Cottage Health is seeking an experienced and dynamic Director of Contracting to oversee and manage all payer contracting for the organization's diverse healthcare entities. This senior leadership role is integral to the health system's growth and success, and the ideal candidate will bring a strategic, innovative approach to managing relationships with payers, brokers, and government entities, ensuring the continued financial health and alignment of Cottage Health with evolving market trends.
Key Responsibilities:
Strategic Leadership: Spearhead the development, negotiation, and management of payer contracts across all Cottage Health entities, ensuring alignment with organizational goals, operational efficiencies, and compliance standards.
Executive Liaison: Cultivate and maintain robust, high-level relationships with key stakeholders, including community leaders, brokers, payers, and government agencies. Serve as the primary point of contact and strategic advisor on all managed care contracting matters, positioning Cottage Health as a leading, trusted partner in the healthcare ecosystem.
Market Intelligence & Integration: Provide executive leadership with timely, comprehensive updates on trends and developments in the managed care landscape. Leverage market insights to inform organizational strategy and policy development, ensuring Cottage Health is agile and positioned for success in a rapidly evolving industry.
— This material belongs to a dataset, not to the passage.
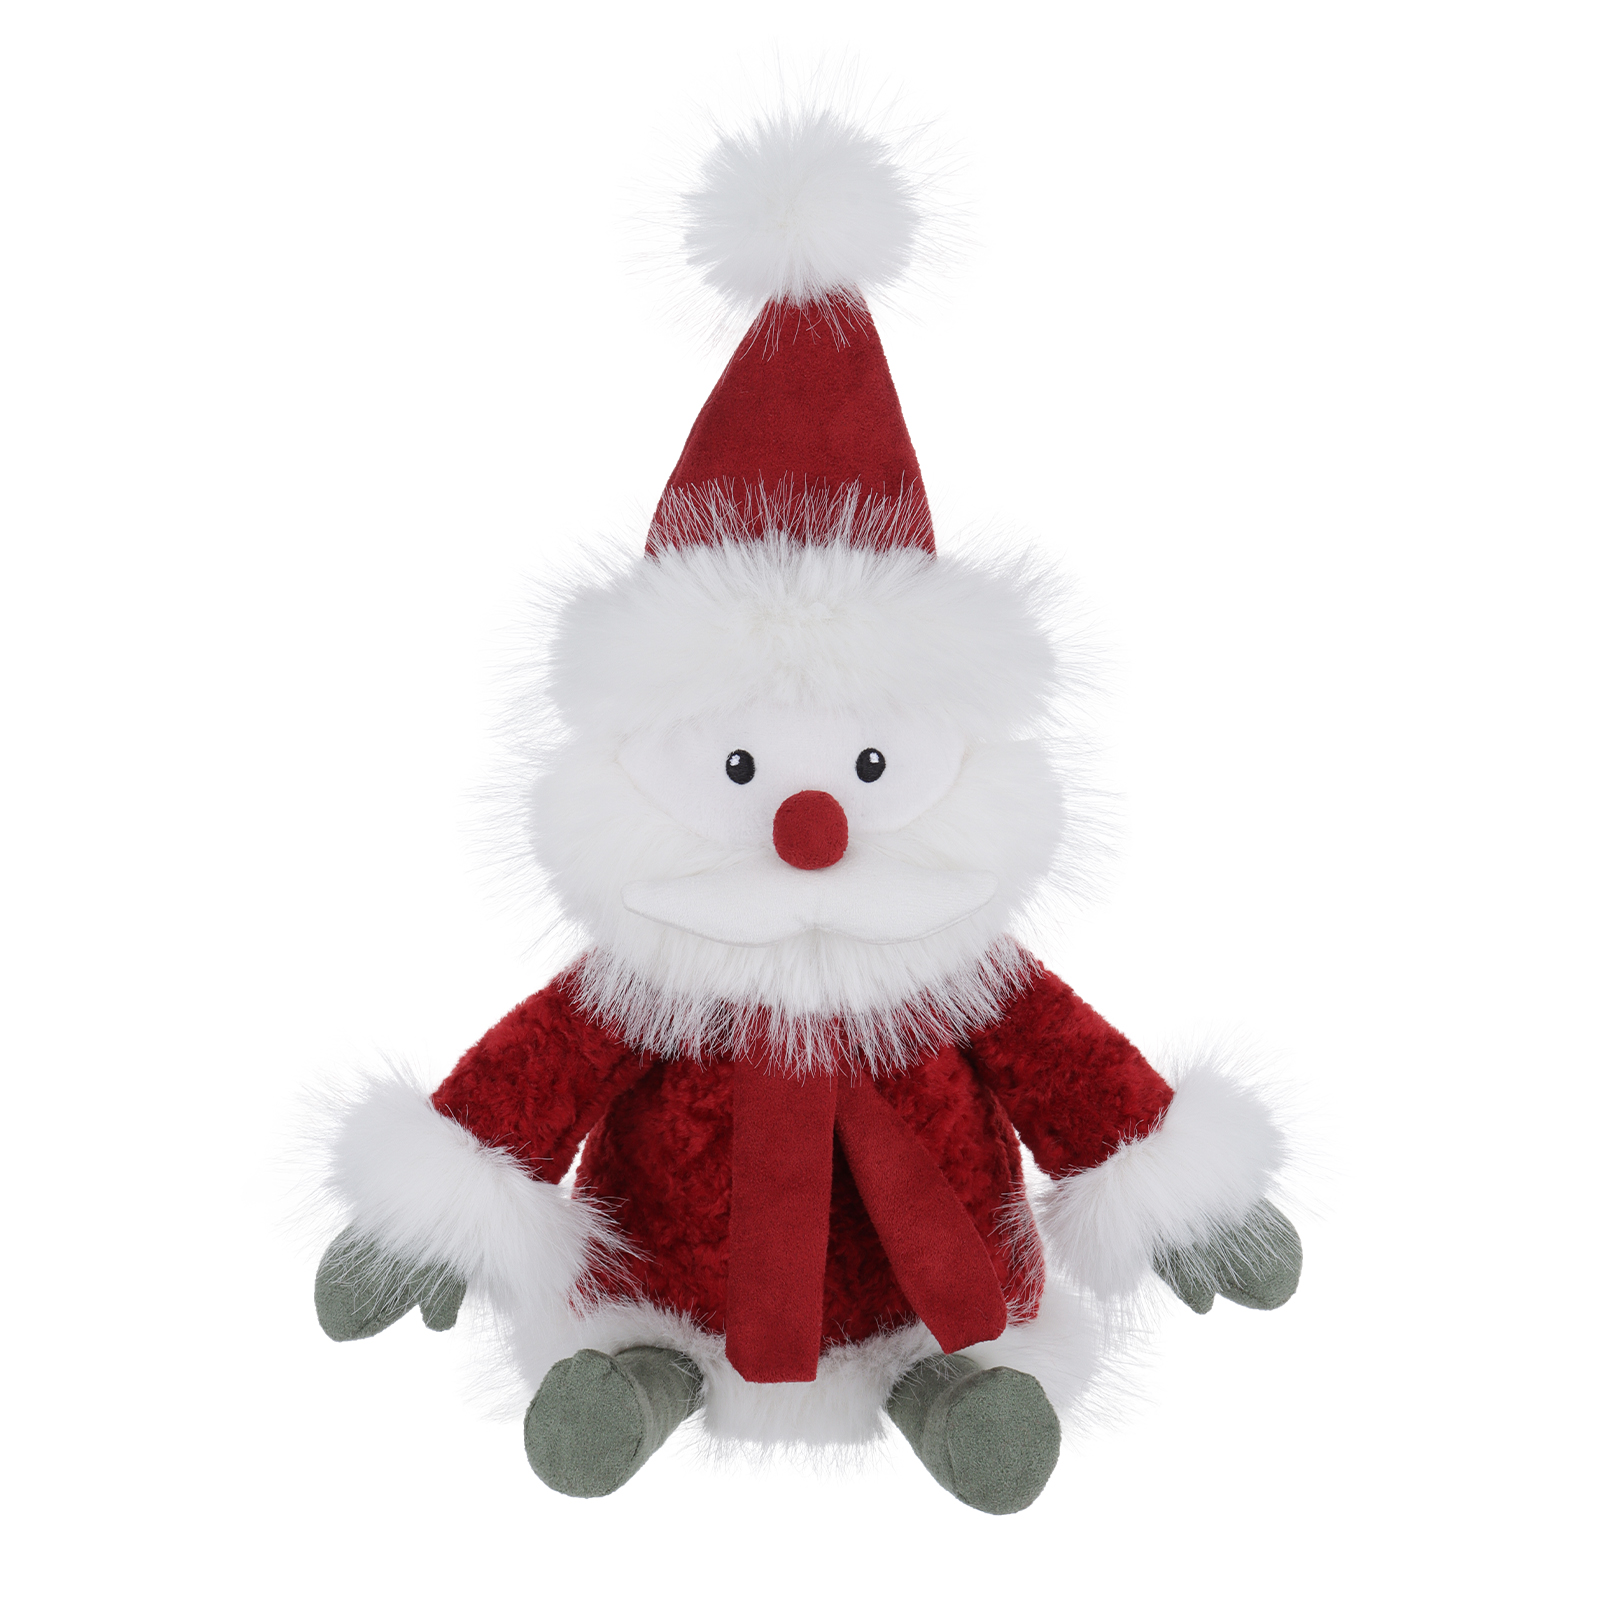 Apricot Lamb winter Santa  Stuffed Animal Soft Plush Toys

Cross-Functional Collaboration: Partner with senior leaders across health system administration, legal, revenue cycle, compliance, and population health management teams to integrate new managed care programs and initiatives that drive operational excellence and support the organization's strategic goals.
Qualifications:
Education:
Minimum: Bachelor's Degree in Business, Health Administration, or a related field.
Preferred: Master of Health Care Administration (MHA) or Master of Business Administration (MBA).
Technical Expertise:
Minimum: Extensive knowledge of contractual, administrative, and operational issues pertaining to managed care organizations and health insurance processes, including legal, financial, and regulatory frameworks.
Work Experience:
Minimum: Minimum of 7 years of experience in the healthcare or managed care industry, with significant exposure to complex payer contracting and strategic negotiation at a leadership level.